You can specify an arbitrary number of frg files to be used as the trusted sequences for correction. They can be any format CA accepts. Please see the FastqToCA and SffToCA pages for information on inputting Illumina or 454 data. Generally, you don't need more than about 50X of high-identity sequences for correction.

Other Requirements

The pipeline also requires some files from the AMOS project (amos.sf.net). If you have SMRTportal in your path, you will have AMOS in your path and do not need to do anything. Otherwise, any release (such as 3.0.0 onward) should work. By default, pacBioToCA will first look for AMOS to be installed in the same directory as CA. That is if you have a directory called /work/CA/ with executables under Linux-amd64/bin, pacBioToCA will check for /work/AMOS/bin. Next, it will check the path for AMOS executables. If AMOS is not found, the pipeline will stop and report an error.
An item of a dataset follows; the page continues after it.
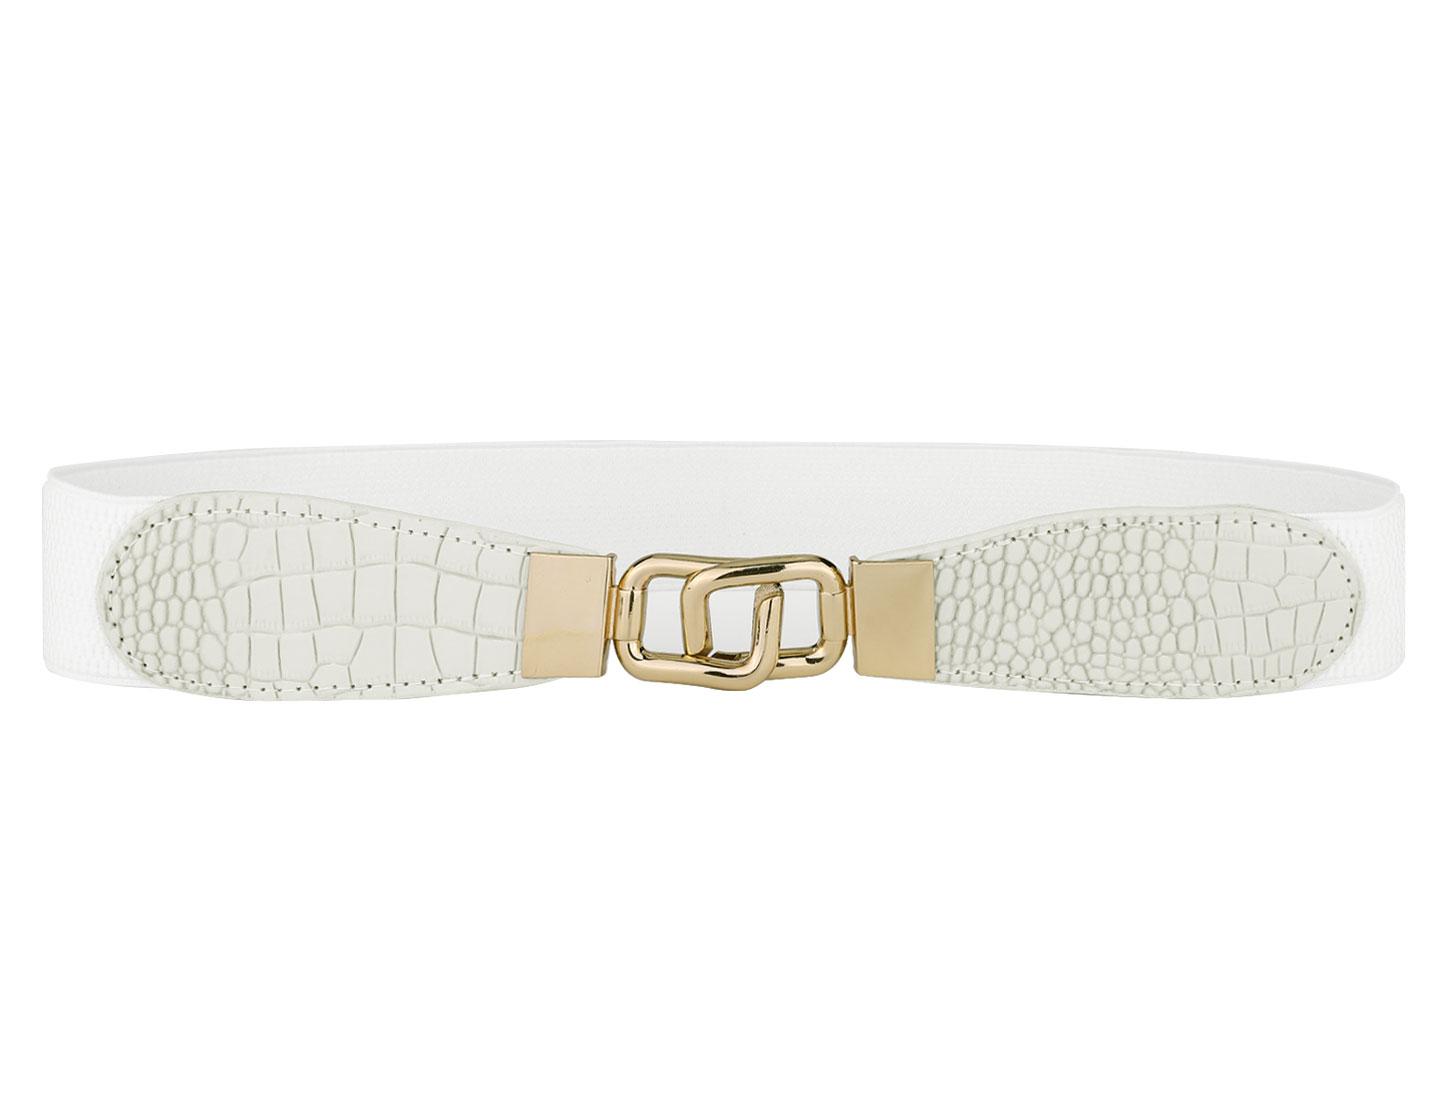 Ladies Interlocking Buckle Alligator Pattern Elastic Cinch Waist Belt White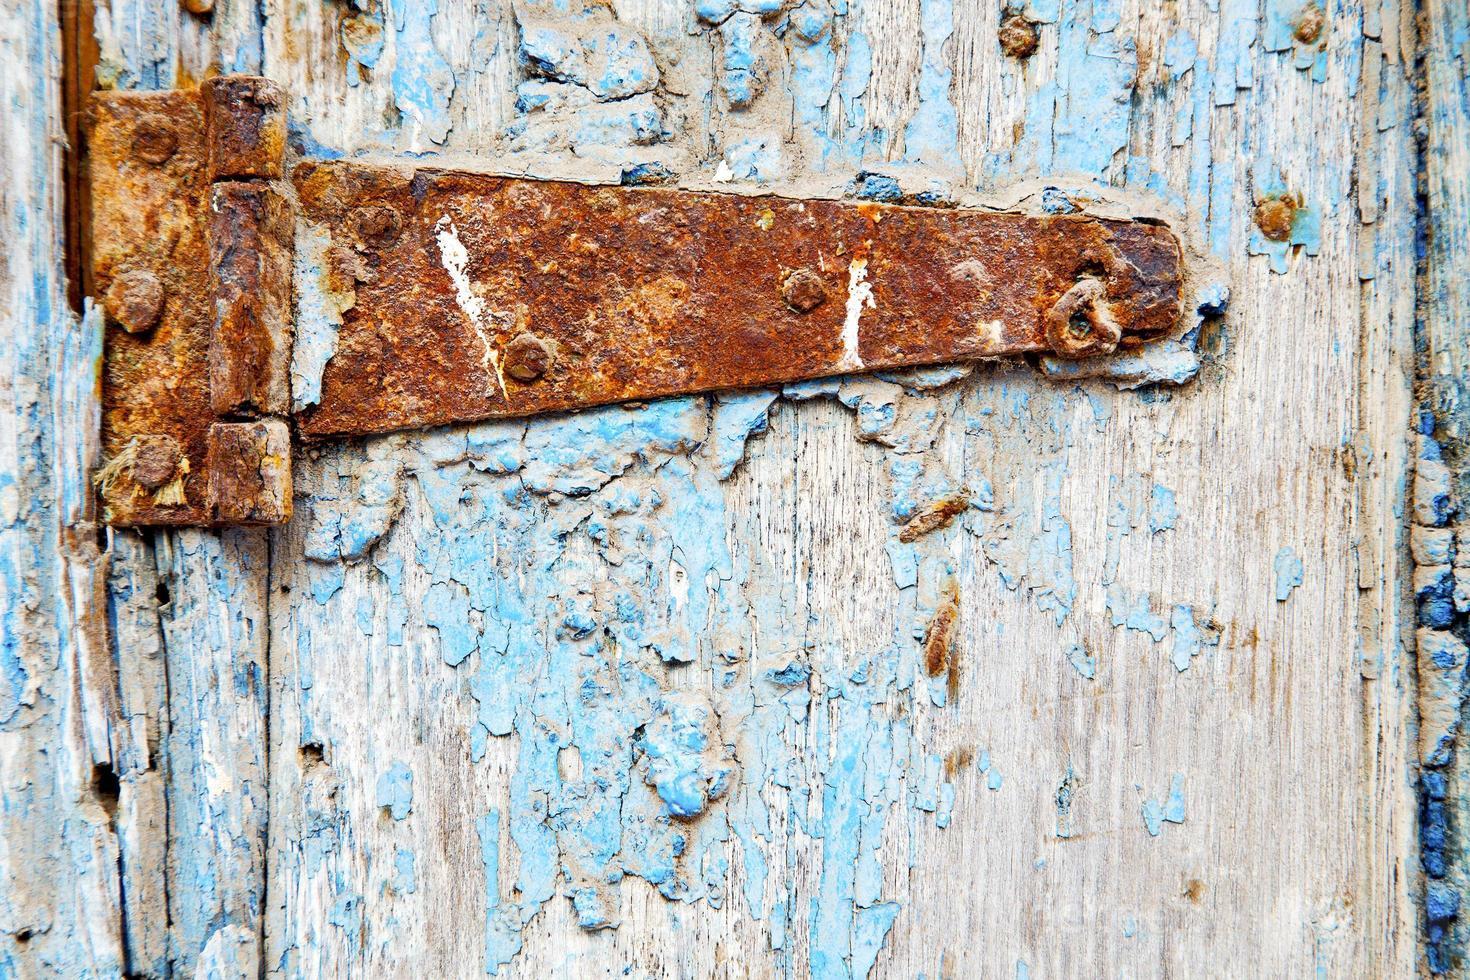 marocko i gammal träfasad hem och rostig säker hänglås foto

 If you are using self-correction, SMRTportal must also be in your path.

Inputting PacBio RS Sequences

The pacBioToCA pipeline expects PacBio RS sequences in fastq format (with sanger (PHRED32) quality values). The pbh5tools package from Pacific Biosciences converts h5 files to fasta or fastq files. The currently recommended parameters for correction are quality = 0.75 and minimum length = 100.

If you already have fasta files, you can download a Java utility to convert the fasta files into pacBioToCA compatible fastq files:

tar xvzf convertFastaAndQualToFastq.tar.gz
convertFastaAndQualToFastq.class
convertFastaAndQualToFastq.java
Utils$Pair.class
Utils$ToProtein.class
Utils$Translate.class
Utils.class
Utils.java


java convertFastaAndQualToFastq myfile.fasta > myfile.fastq

NOTE: If you are using the SMRT-portal version 1.3, please see the known issues if you encounter errors or no corrected sequences are output.

Self-Correction With C2 Sequences (or newer)

Starting with the C2 chemistry (and the more recent C2-XL and XL-XL) chemistries, you can self-correct PacBio RS sequences without any high-identity technology. Using this pipeline requires the latest CA built from source including SAMtools. You must also have SMRTportal installed and available in your path. SMRTportal is freely available from the PacBio RS DevNet website. Approximately 100X (or more) of C2 sequencing is recommended. If you have less PacBio RS sequencing than this, then follow the instructions for correction with complementary high-identity sequences.

To run the pipeline, follow the usage instructions below.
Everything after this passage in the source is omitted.